Fontana was a violinist by profession, and so was Biagio Marini, who left a large repertoire of vocal and instrumental music, of which a considerable part has been lost. His Opus 1 is called Affetti Musicali; this title can be considered programmatic, as the expression of affetti was one of the main purposes of the new style. This collection, dating from 1617, includes sinfonias for two instruments and basso continuo, intended for either two cornetts or two violins. With the ensuing piece, Bergamasca, we took a step towards the last quarter of the 17th century. This piece was taken from a collection of compositions for a string bass and basso continuo by Giovanni Battista Vitali. He used the word violone for this instrument, but that should not be interpreted as the 16' instrument that is often used in baroque orchestras, but rather as something comparable with the cello. In this piece the cello that Anastasia Baraviera played, may have been appropriate.

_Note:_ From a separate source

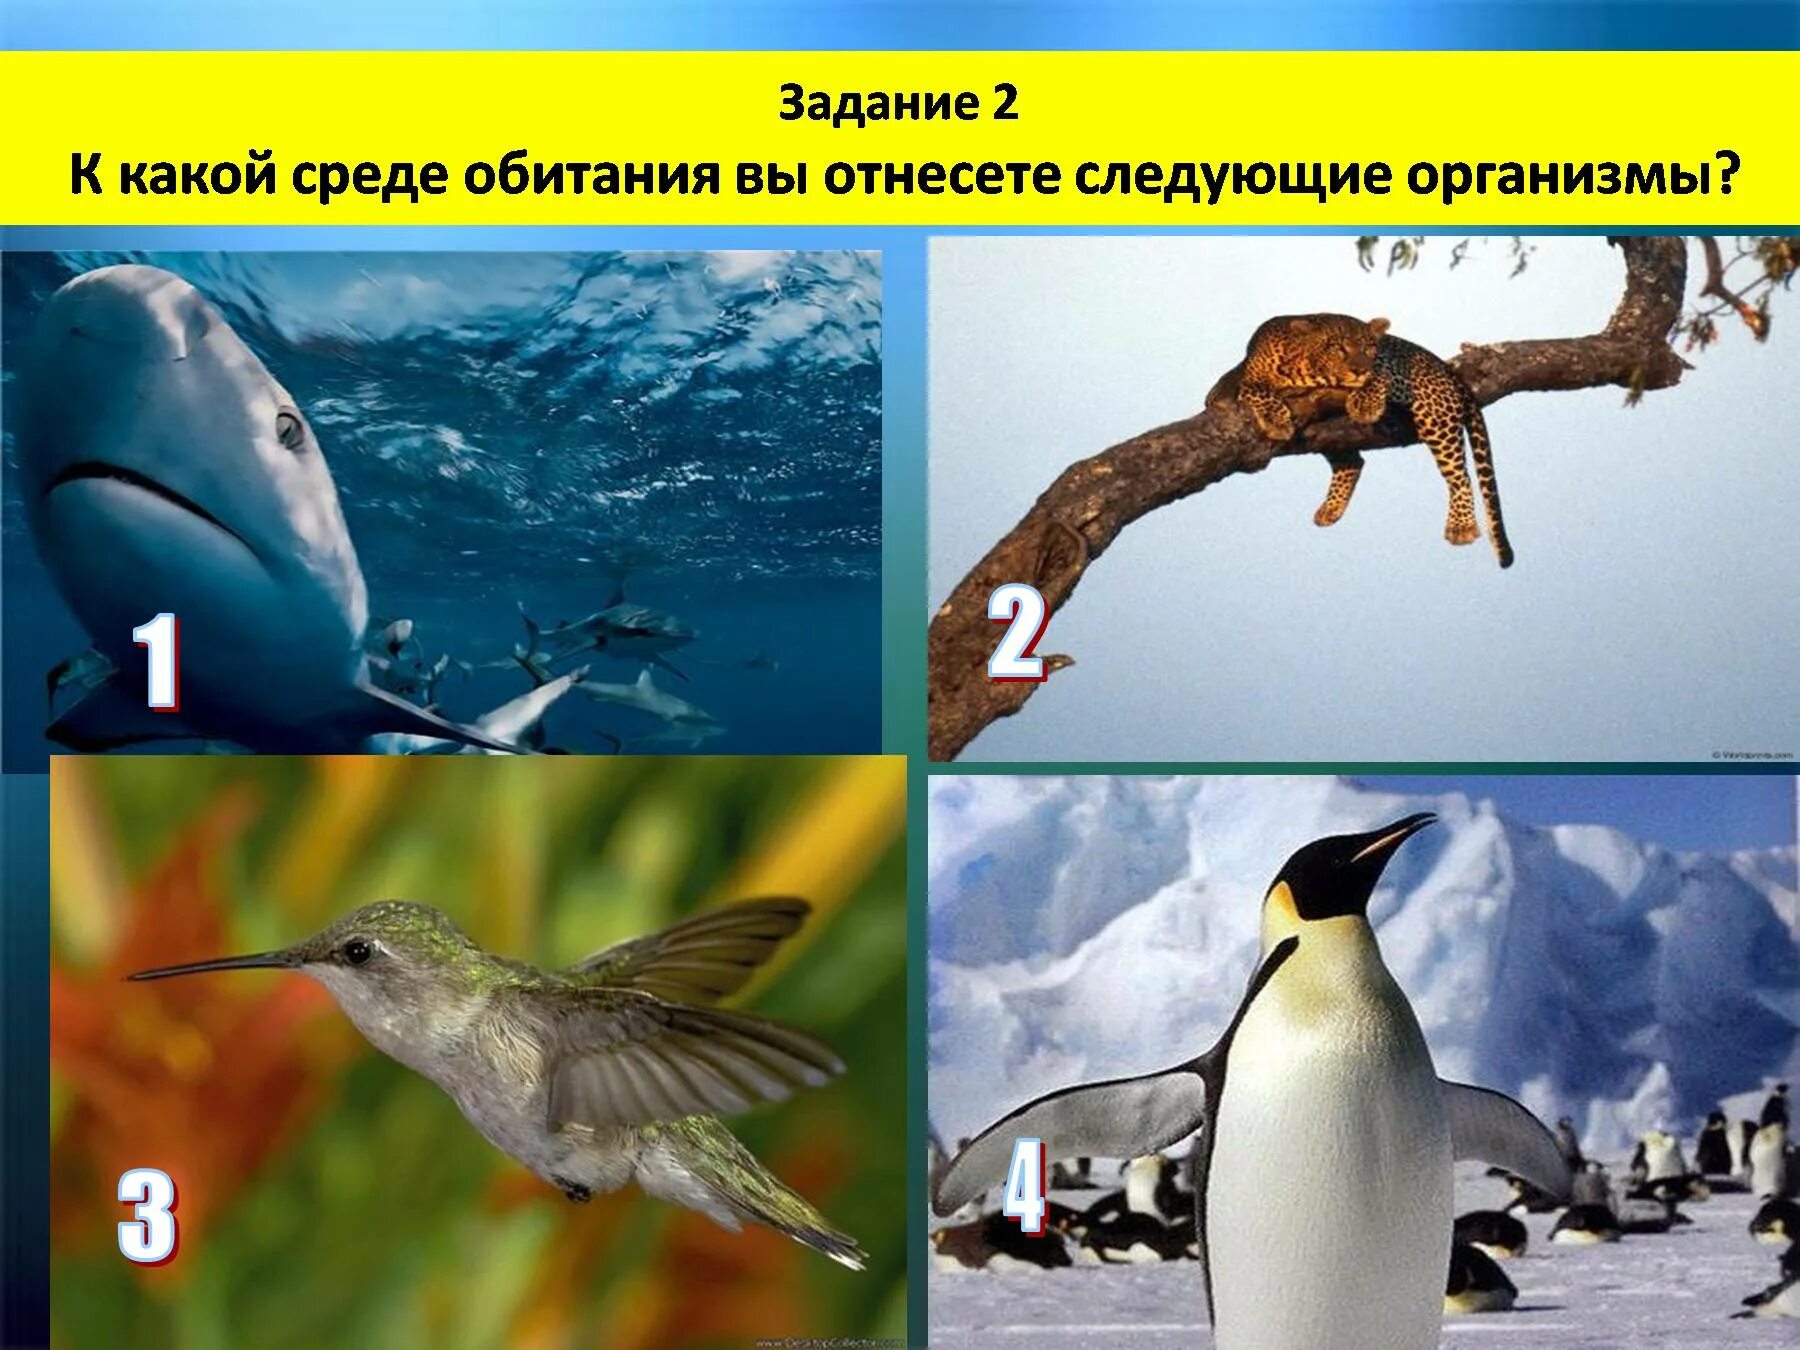 Организмы обитающие в разных средах. Среды обитания организмов. Среда обитания птиц. Среда обитания задания.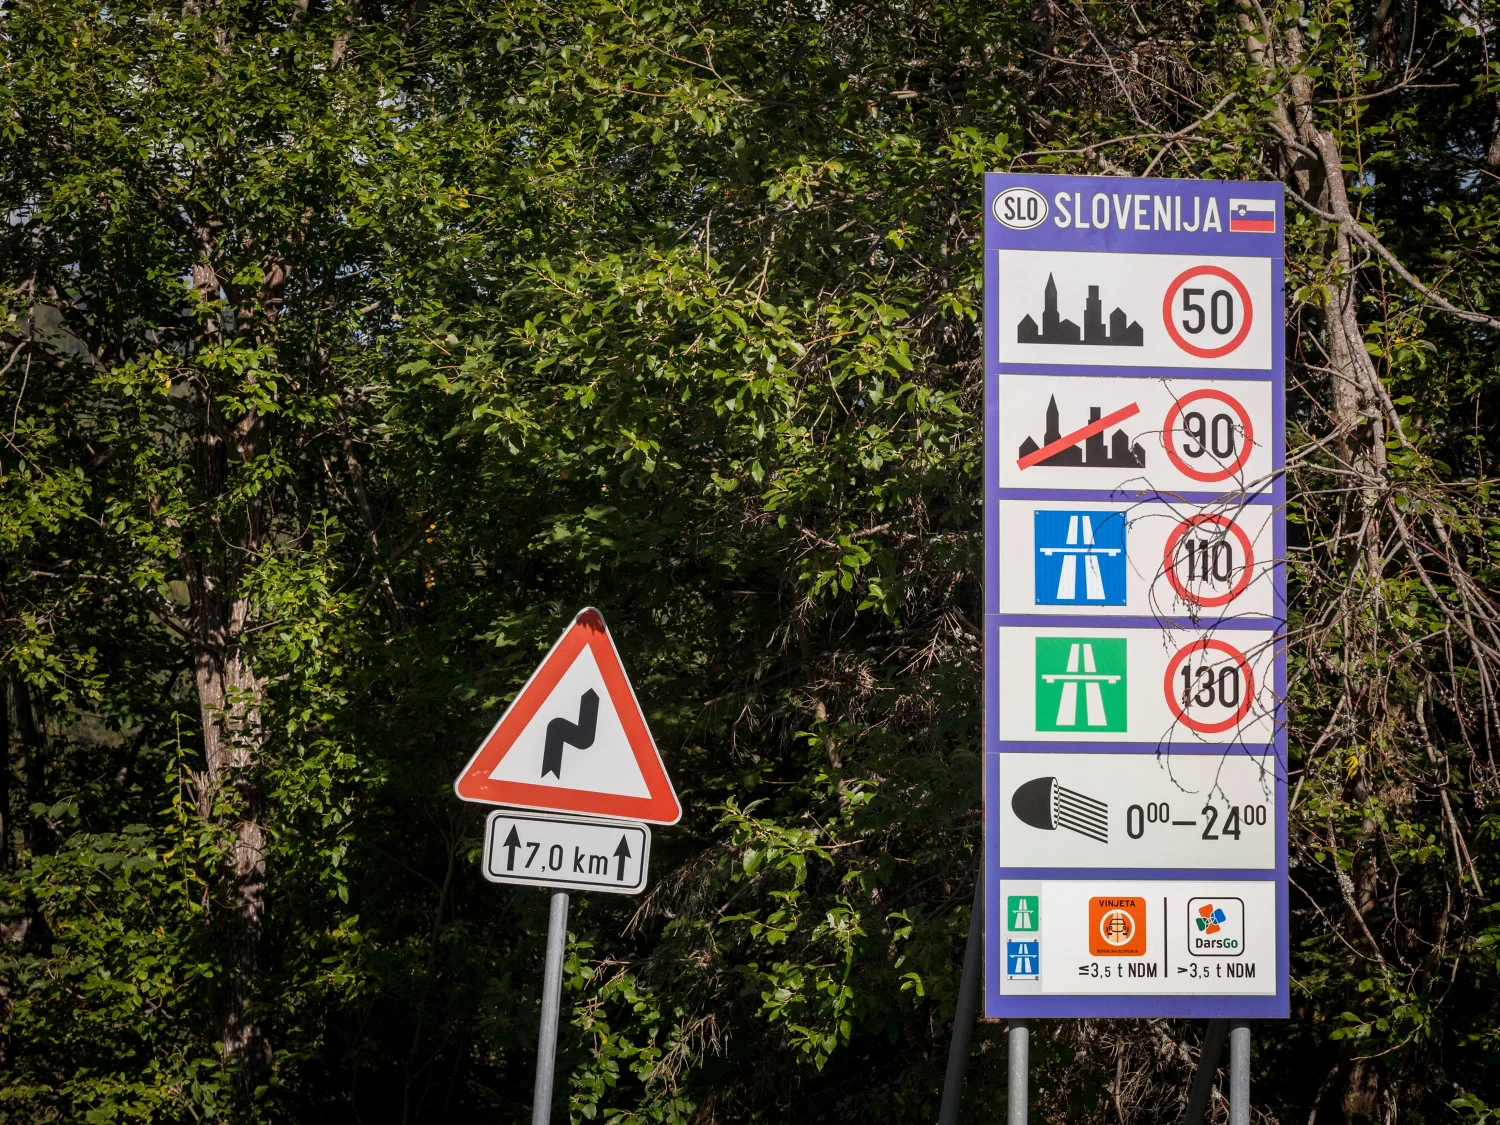 Respectând regulile de circulație rutieră, vă puteți asigura o călătorie în siguranță

In the earlier repertoire it was rather anachronistic, as until the last quarter of the 17th century it was the viola da gamba or the bass violin that was used as string bass. This piece is based on a basso ostinato, another very popular form of the time. The sonata by Francesco Turini that ended this section was also dominated by repetition, not a basso ostinato, but repeated material of a different kind.

In the fourth and last section we heard more than mentioned in the programme. It opened with an organ solo, played by Marco Crosetto, an instrumental version of Andrea Gabrieli's madrigal Giovane donna sott'un verde lauro, which was then played with diminutions, this time by Ignacio Ramal. We then heard a solo on the theorbo, played by Gianluca Geremia, which led to one of the sinfonias by Salamone Rossi, who was Jewish and has become best-known for his psalm settings in Hebrew. The programme ended with another piece based on a repeated pattern, the Folia. Andrea Falconieri is certainly not an unknown quantity. His oeuvre is well represented on disc. One of the better-known pieces is the one with which the ensemble ended its concert, the Folias echa para mi Seņora Doņa Tarolilla de Garallenos. It is quite popular among performers and that is not without a reason. It is a brilliant and exciting piece in which they can let their hair down.

And that is exactly what the members of La Vaghezza did. The ensemble has won several prizes in competitions in Italy and Germany, and that is easy to understand. I liked their engaging style of playing and their visible enthusiasm. Their technical skills are impressive, and they have what it takes to bring the repertoire of the early baroque era to life. Performers need creativity and the courage to take risks. The members of La Vaghezza showed that they fully understand this. They are not afraid of contrasts in tempo and dynamics, which are important features of this repertoire. Their performances were rightly received with great enthusiasm, which led to an encore.

La Vaghezza is an ensemble to keep an eye on, and definitely worth being invited to the Utrecht Early Music Festival.